Senate Bill 3533, on the other hand, would limit rewards to whistleblowers to P5M or 10% of the recovered assets. The Senate bill also seeks to deter harassment and reprisals against whistleblowers.

As discussed under another pillar of Federalism – Plunder Law, these pending legislations fall far short of what is required to address the magnitude of graft and corruption in government fully. Any pecuniary survey of everyday Filipinos will reveal that corruption impacts at least 50% of the national budget, from overpricing to ghost employees to forgone tax collection. For context, the national budget is P5.26 Trillion with a ‘T.’ Around $300B, a full 30% of which is from a 30% structural deficit, meaning around P1.5 Trillion to be financed by debt. Philippine debt is now over $200B, with a 70%-30% local and foreign debt mix. Philippine banks are somewhat profitable due to loans to the national government. The Bangko Sentral is only too happy to keep printing money.

Currently, the impressive Philippine GDP growth is primarily driven by the debt used to pay for unprecedented spending on infrastructure. Admittedly, the government can do worse than spend all the borrowing elsewhere on infrastructure. It is hard to counter-argue that, at a macro level, the infrastructure built today will support economic growth in the future. This is a generally accepted economic concept. Whether the economic benefits ultimately benefit the marginalized sector, those surviving on conditional cash transfers, the underemployed and the unemployed, or worse, the unemployable, who do not eat three meals a day, will remain the biggest question for economic managers for decades to come.

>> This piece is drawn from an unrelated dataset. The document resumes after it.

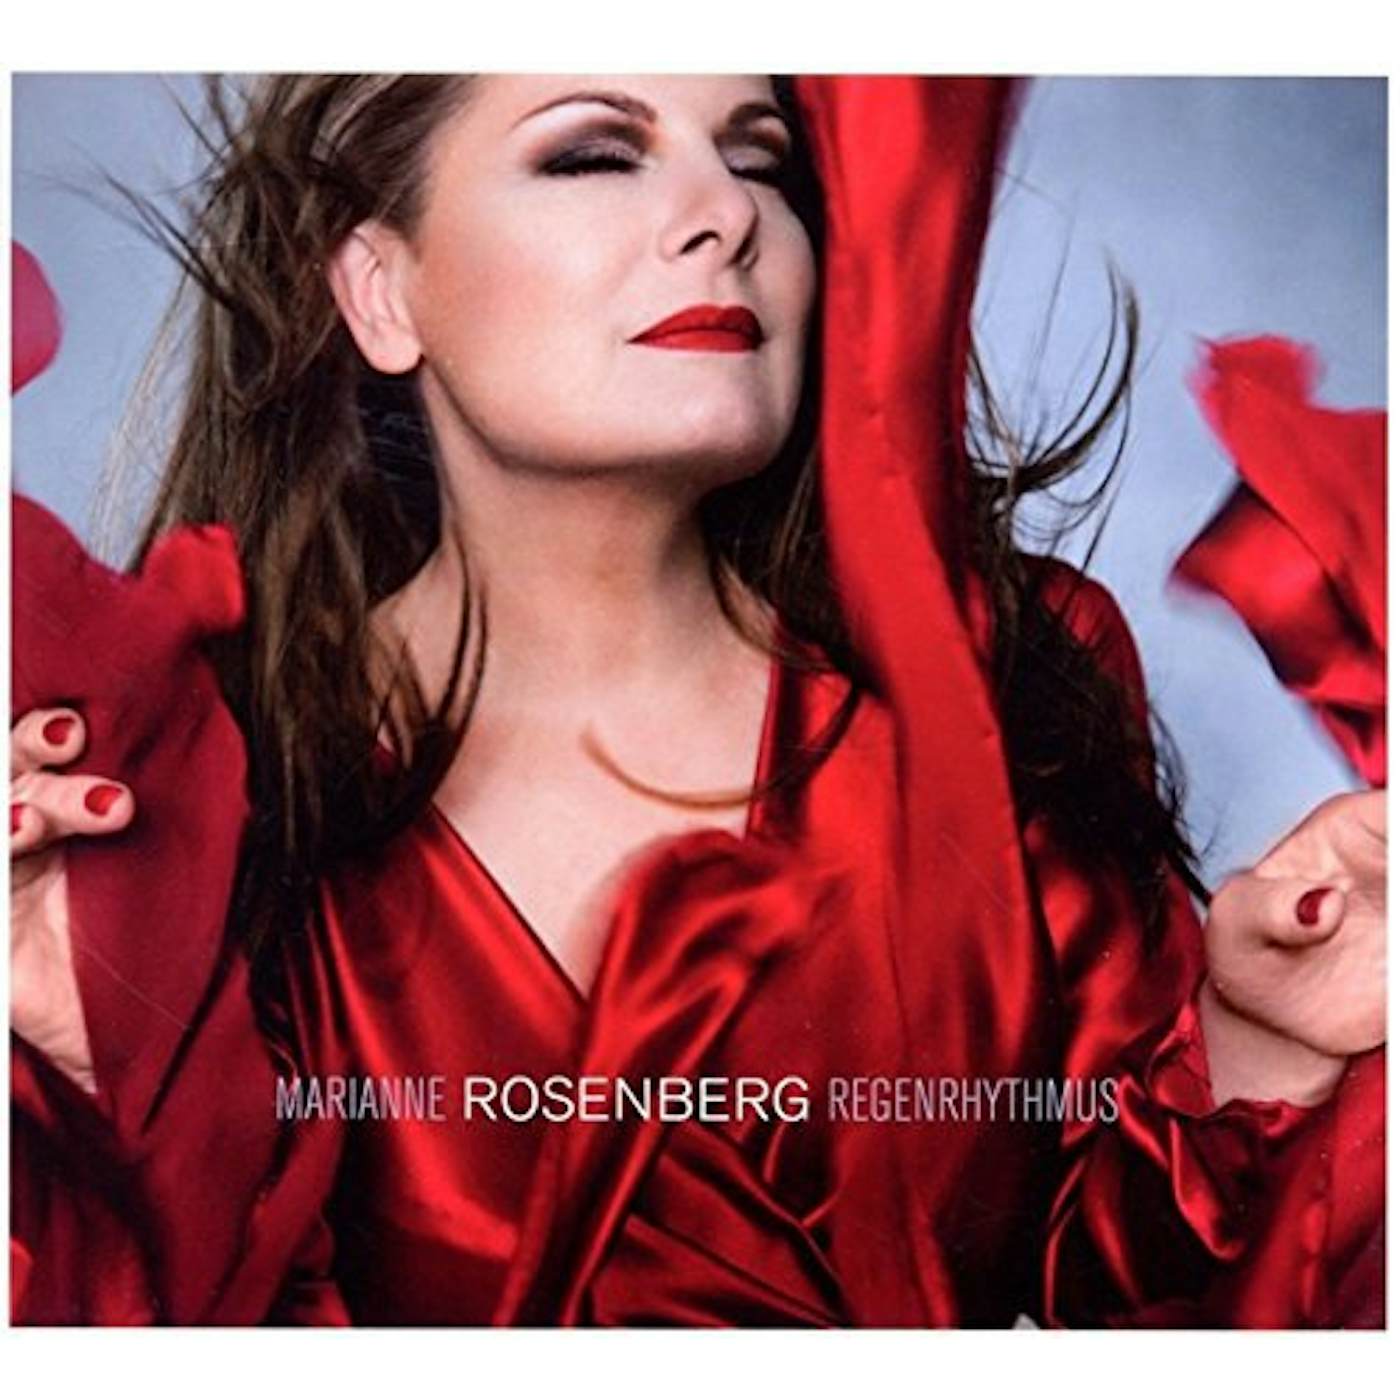 Marianne Rosenberg Regenrhythmus Vinyl Record

The most obvious solution, at least to this biased writer, is strengthening incentives for whistleblowers, for example, rewards up to the total value of exposed malfeasance. Consider just 10% of the national budget being subjected to graft and corruption, which no Filipino will ever consent to that is, P52B or almost $1B, annually. It bears repeating this is before provincial, city, municipal, and barangay budgets are considered, plus the uncollected taxes at the Bureau of Internal Revenue, Bureau of Customs, and other government departments and agencies that have to do with clearances, permits, and import controls. The reality is beyond imagination, and the social impact is incalculable – from poor health insurance resulting in death in the worst cases and deprived futures for the impoverished who can’t even dream of attending higher education – both inescapable traps that only complicate poverty.

” … in often repeated acts of self-destruction, the Filipino electorate re-elects those politicians already found guilty of graft and corruption into office. In the countryside, it is not enough that despite politicians openly flaunting their wealth after swearing an oath to serve, most voters seem to be in awe of their elected officials and their ability to plunder instead of anger.”

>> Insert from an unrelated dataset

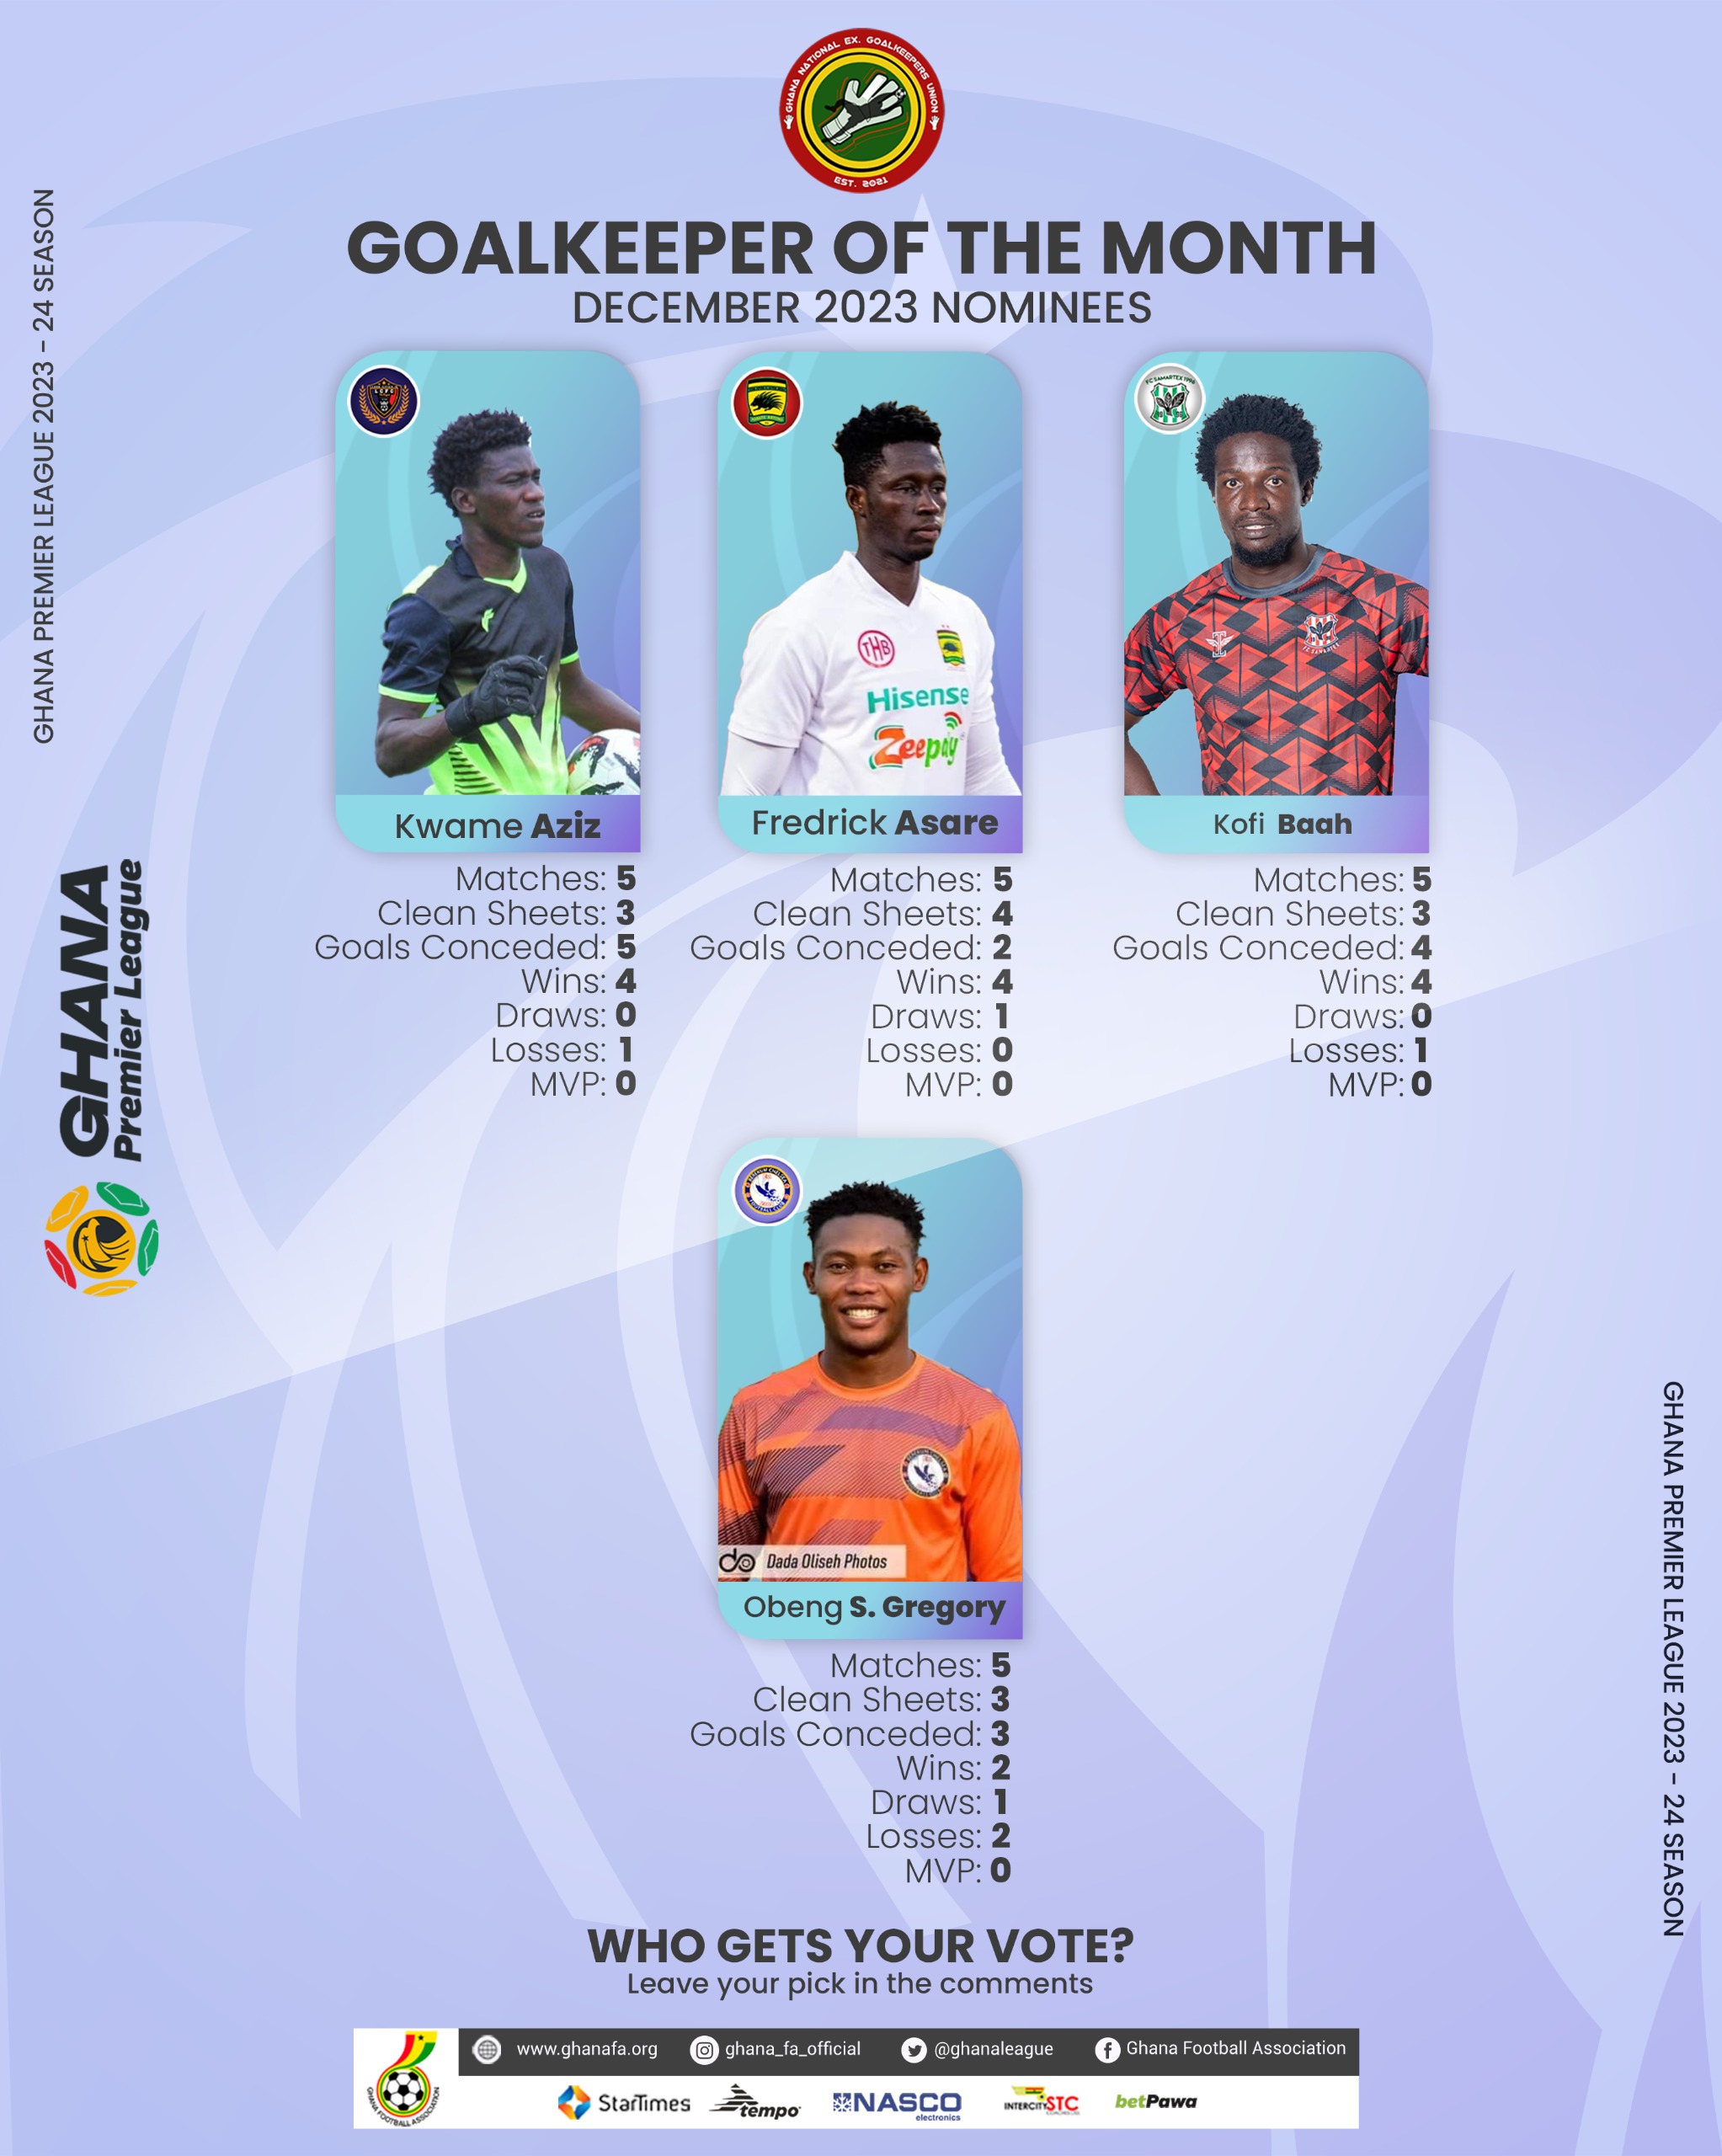 Asare, Baah & Obeng gunning for Goalkeeper of the month award

As crucially, the government should negotiate asylum treaties with willing countries to host whistleblowers, especially considering the financial windfall that await these whistleblowers cum asylum seeker and their families. Any subsequent testimony may be obtained remotely, far from those who would harm the whistleblower and their families or otherwise intimidate or prevent them from testifying. It is indeed shameful that despite assertions of a witness protection program, reality manifests only fear from would-be whistleblowers. This is only compounded by the societal hopelessness that prevails and the general acceptance of the impunity of offenders. Further complicated by the slow turning gears of justice beset with laws seemingly intentionally riddled with loopholes as to resemble Swiss cheese and made a mockery of by even the least wily of lawyers.

Finally, in often repeated acts of self-destruction, the Filipino electorate re-elects those politicians already found guilty of graft and corruption into office. In the countryside, it is not enough that despite politicians openly flaunting their wealth after swearing an oath to serve, most voters seem to be in awe of their elected officials and their ability to plunder instead of anger. This detrimental behavior is, of course, beyond remedy by any whistleblower law. We are left with a prayer that the Almighty saves us from ourselves.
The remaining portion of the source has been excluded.